Update Unicode Data Files to 16.0.0

XMLWordPrintable

    • Icon: CSR CSR
    • Resolution: Approved
    • Icon: P3 P3
    • 24
    • core-libs
    • None
    • source
    • minimal
    • The risk is minimal, as they are simply new assignments of code points, new scripts, and new blocks.
    • Java API
    • SE

      Summary

      Support the Unicode Standard version 16.0 in the JDK.

      Problem

      Keeping up with the latest Unicode Standard is imperative.

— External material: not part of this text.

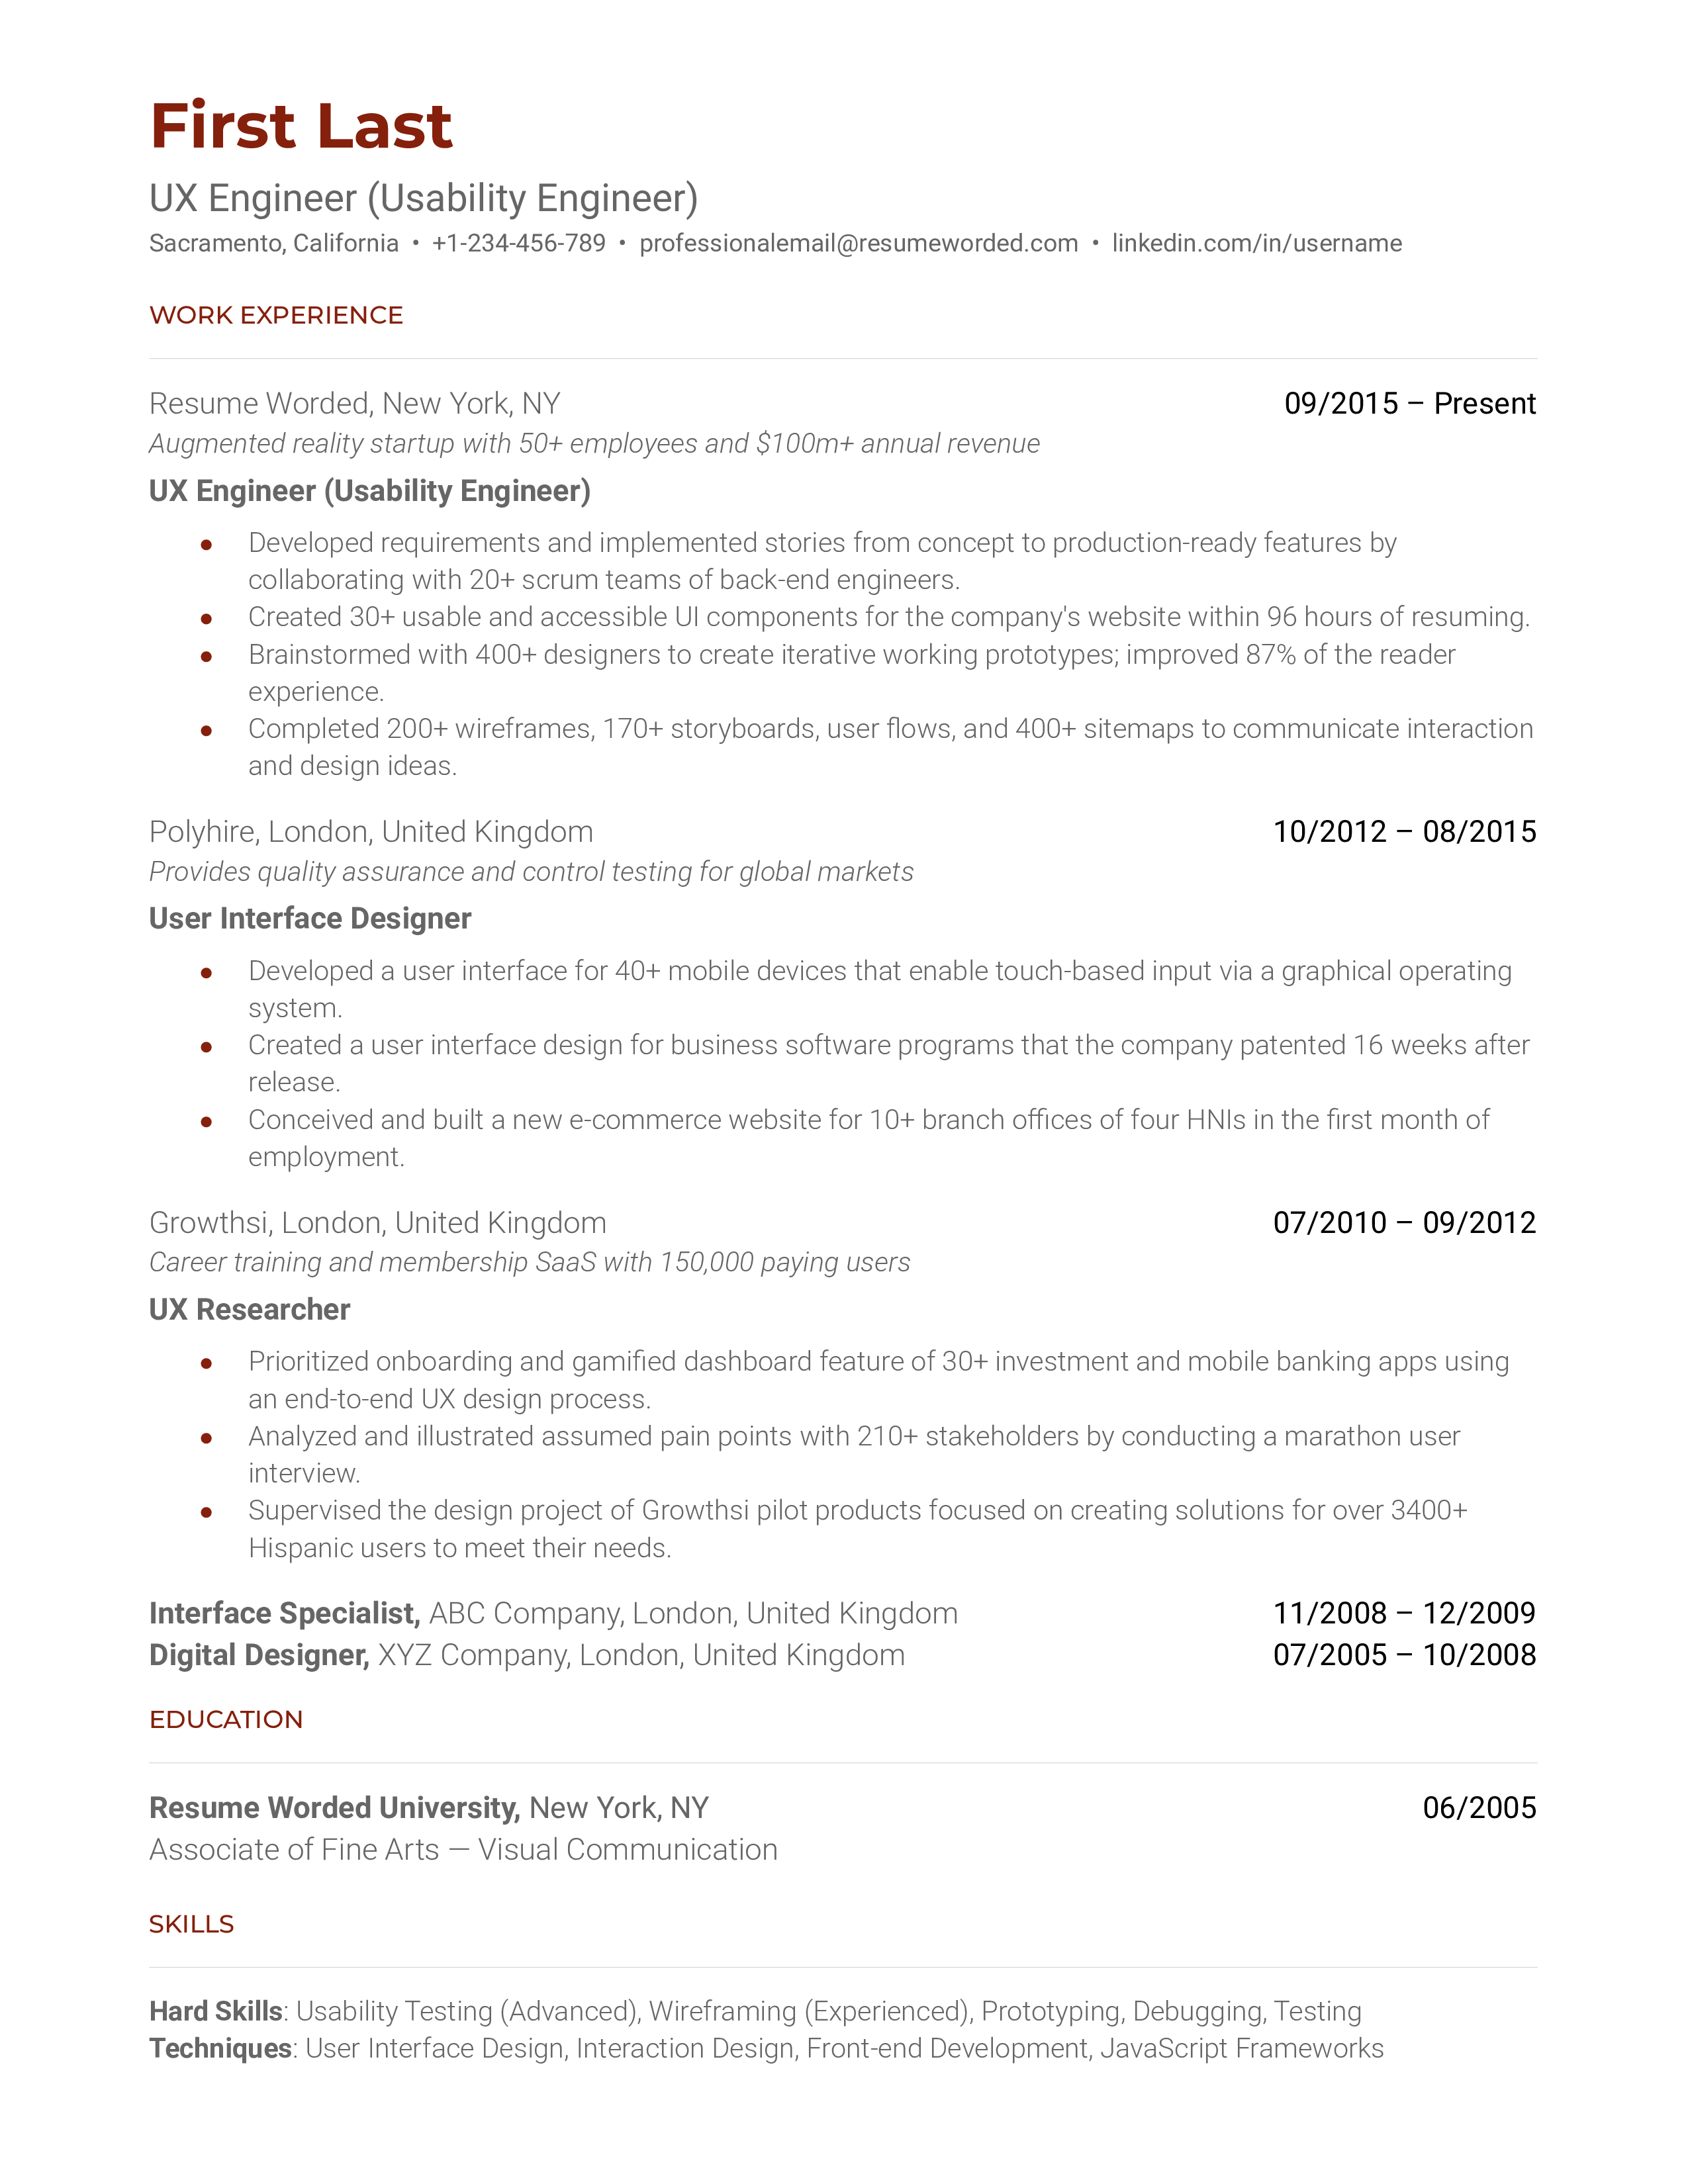 A UX Engineer CV highlighting technical skills and project experiences.
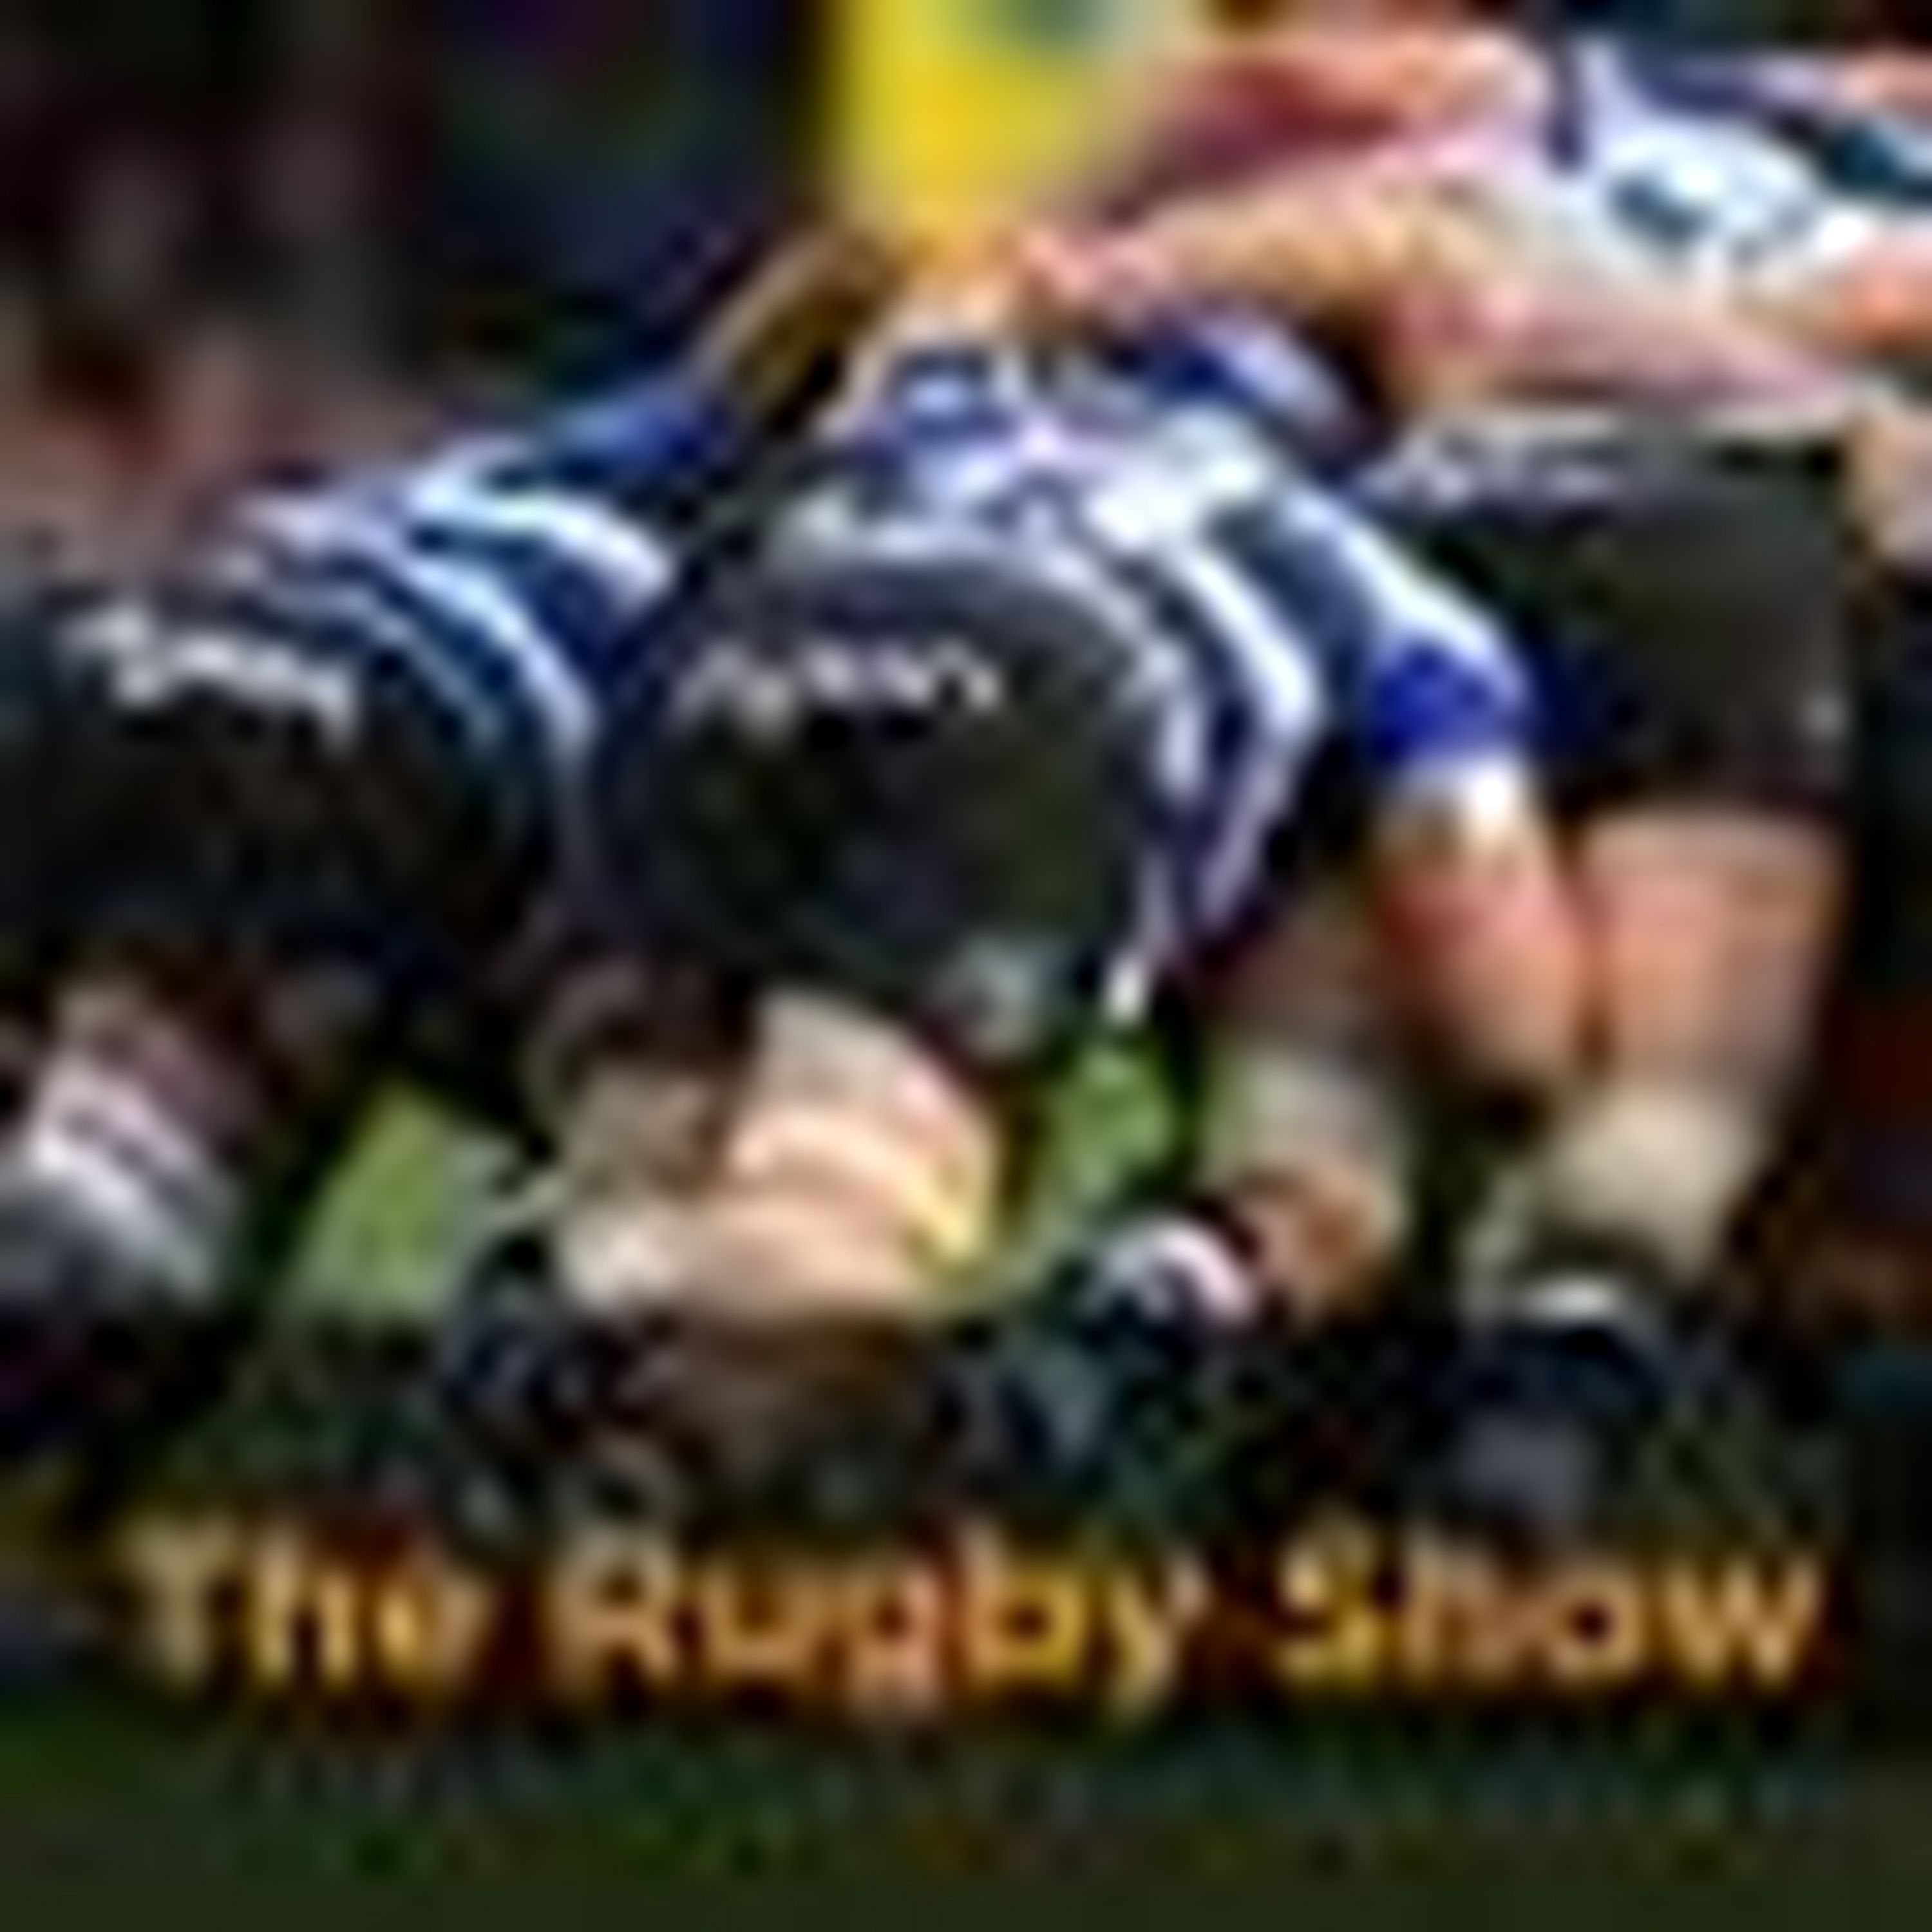 The Rugby Show podcast on talkSPORT 2 - April 3, 2018

Otherwise, interoperability with other platforms would be problematic.

      Solution

      Incorporate Unicode 16.0 which added 5185 characters, 7 new scripts and 10 new blocks since Unicode 15.1.0. Detailed changes are described on the Unicode Consortium's 16.0 website.

      java.text.Bidi and java.text.Normalizer classes will be upgraded to 16.0 level of Unicode Annex #9 and #15, respectively.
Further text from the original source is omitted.